Who had burst forth with this interruption? — cried out three words, and struck the table three times as though hammering an ingot on a forge? Vergil did not know, thought best to get on “… in which the fires have never, ever, during the periods which my studies cover, either shifted, changed, or waned. In this one area — which a magnate has just suggested may be called that of the Father Fire — ” But he had already lost the attention of his audience.

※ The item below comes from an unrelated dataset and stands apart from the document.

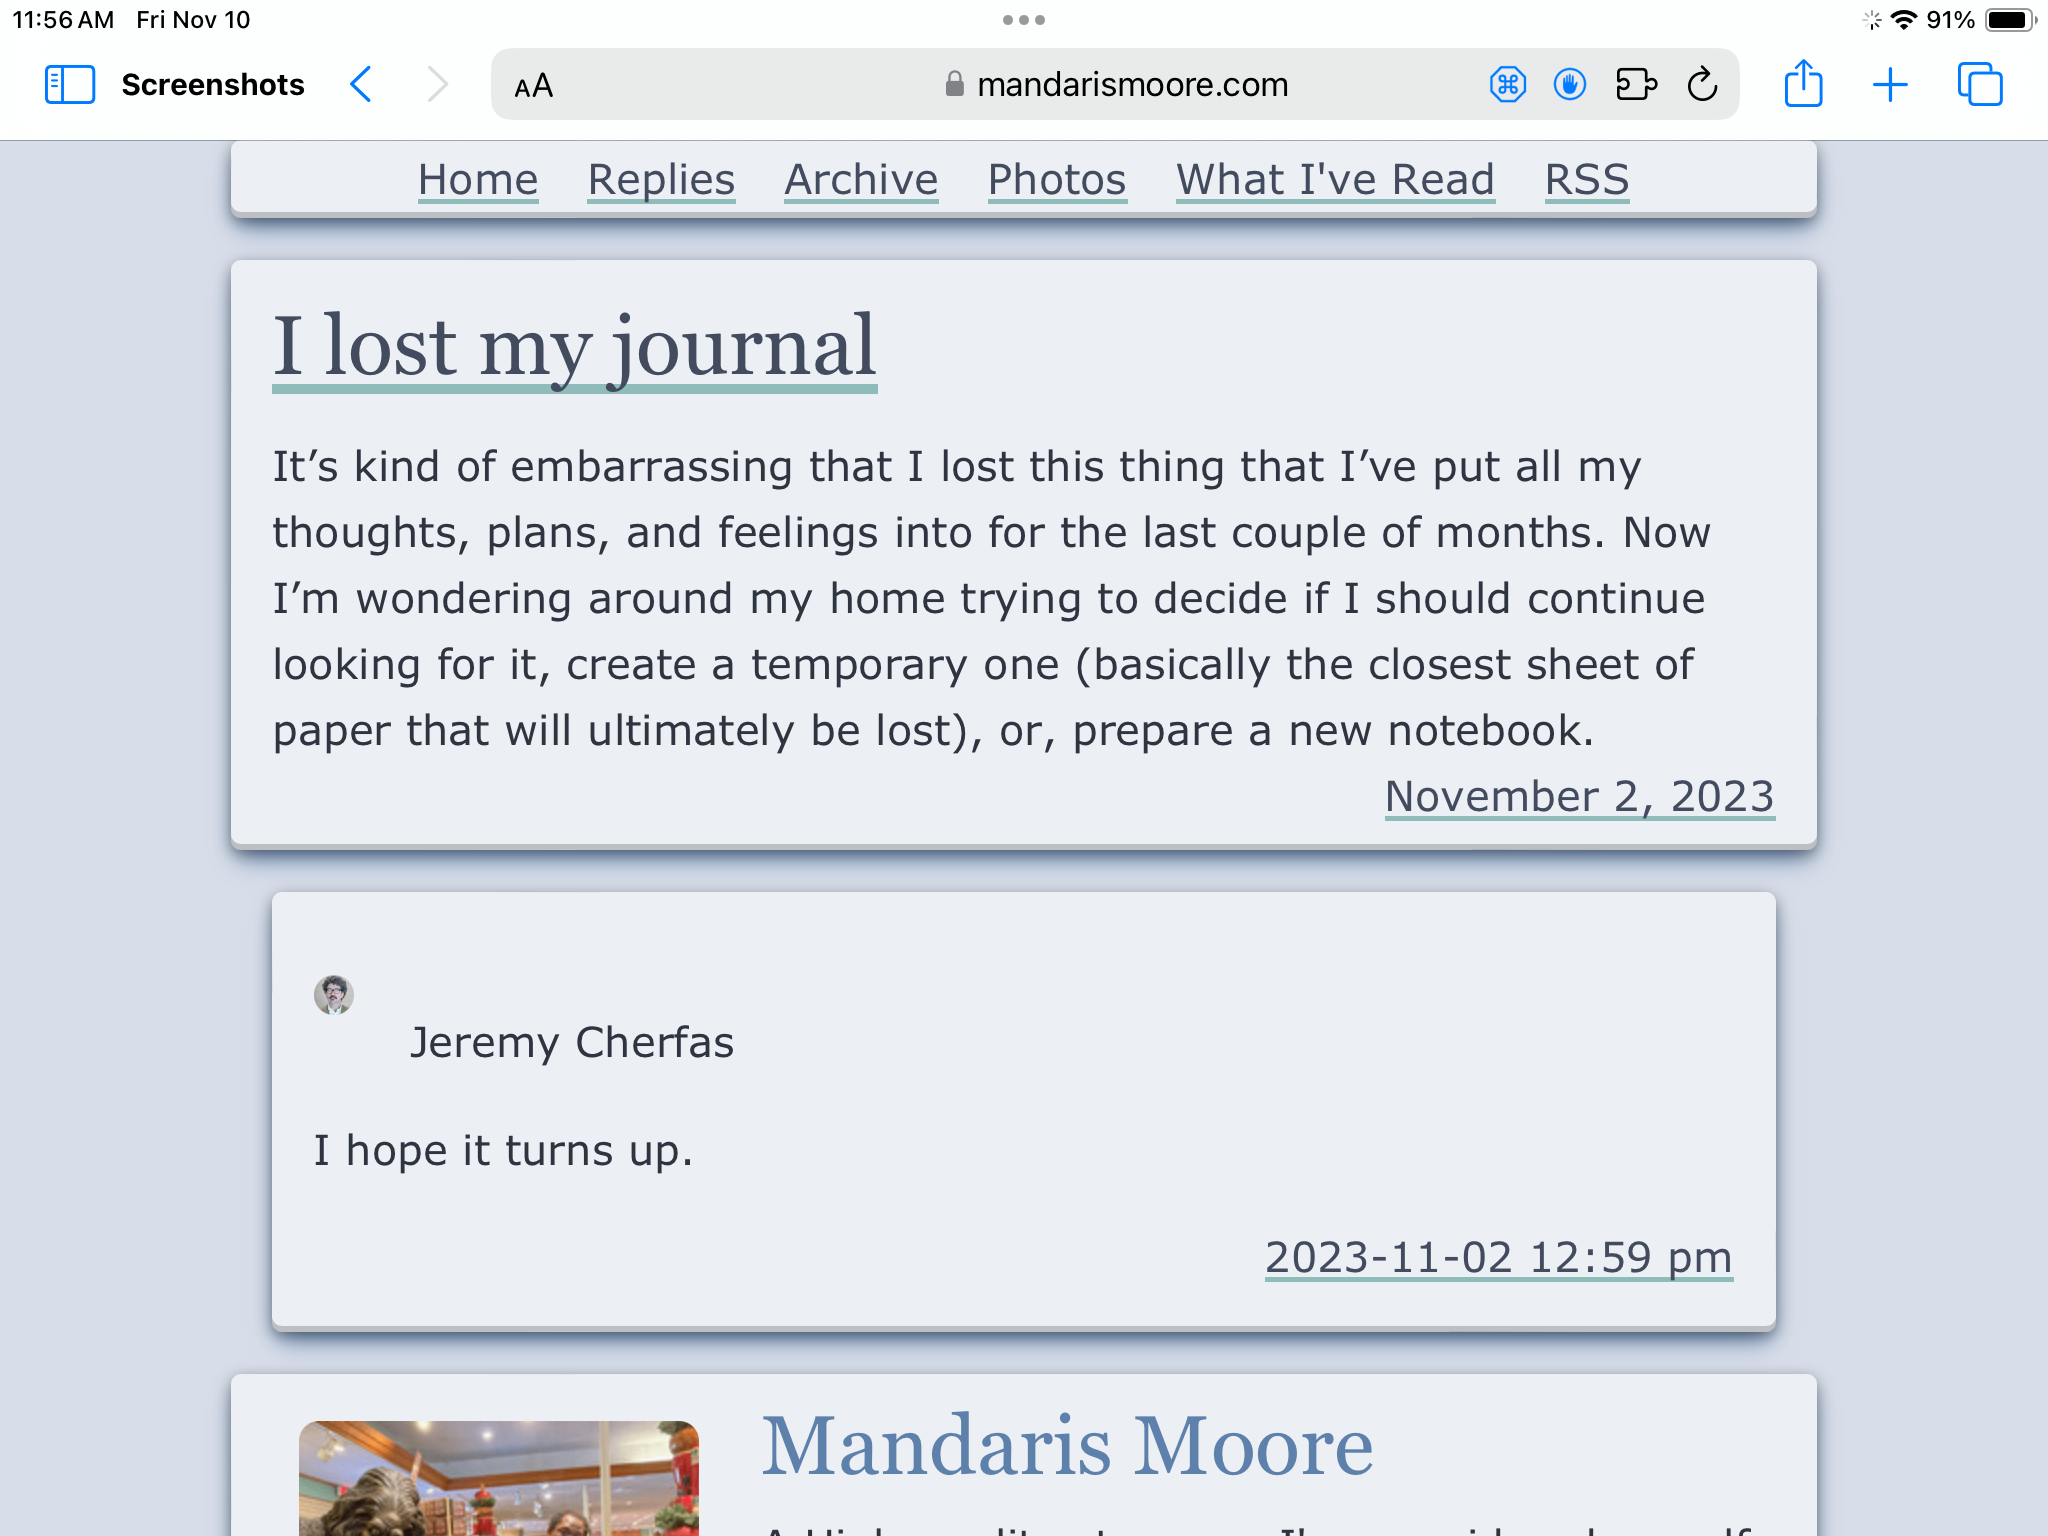 Showing comments having additional margin compared to articles, headers, and footers.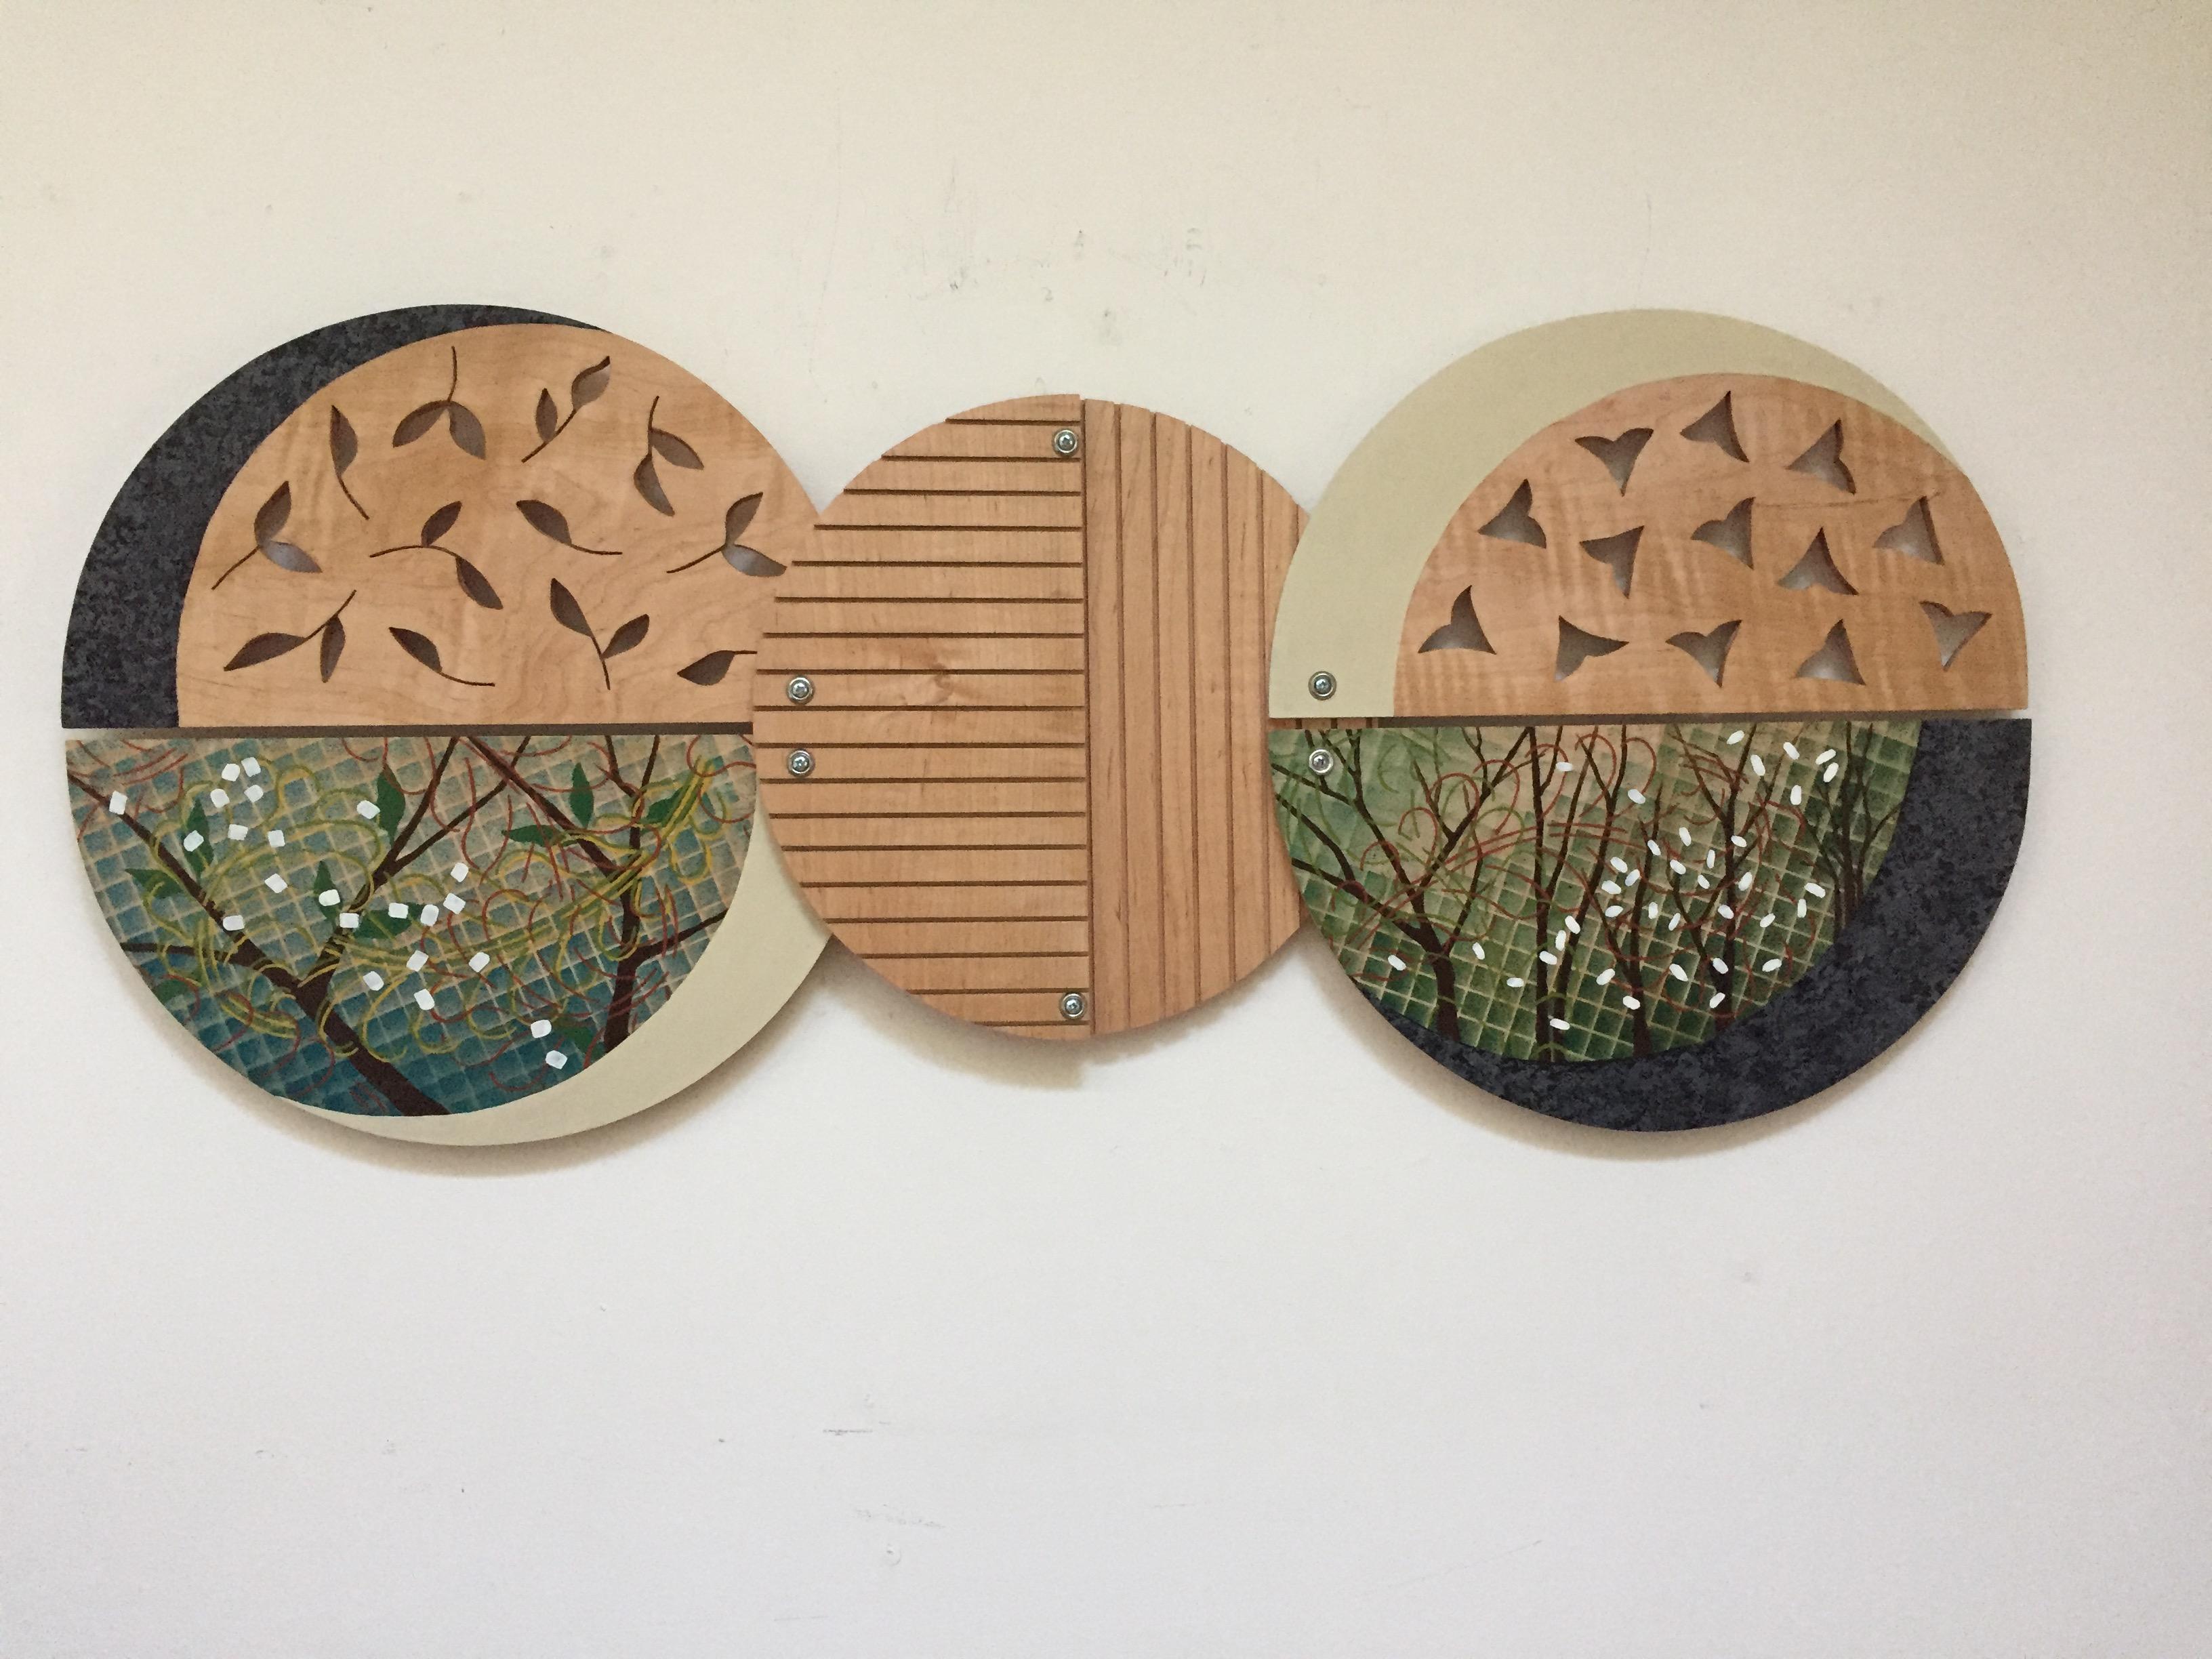 Charlotte Lees Still-Life Sculpture - "Earth Series, 7",  Wall sculpture, hand painting and carving on wood

Were these ponderous grandees a-drunk again? — So suddenly? Why were they rolling from side to side, facing first one fellow, then another? Whence this sudden upburst of babblement? What reason for the intensely odd faces he now saw them pull? A tiny bell sounded; none attended. It grew louder, sweeter, was joined by another, by another; here and there an iron-forger or a wool-puller brushed absently or even (with some slight aware vexation) pulled at his own thick and shaggy ear: vain. The bells grew louder, they sounded from every corner of the room, and yet, still, they sounded sweet. Perhaps after all they were not bells but rare exotic birds. Perhaps after all they were not birds, birds notoriously did not live long in Averno; if a capon lived long enough to become fat enough for the spit or the pot, that was the long of it. But be they what they were, ringing and singing, eventually they overcame the sound of the magnates bellowing — a bellowing in which Vergil was able only to make out some references to
the father-fire,
to
hecatombs, hec-a-tombs,
and some few other words which, rather like the common converse of Cadmus, might be intelligible as single words but made no sensible connection to communication.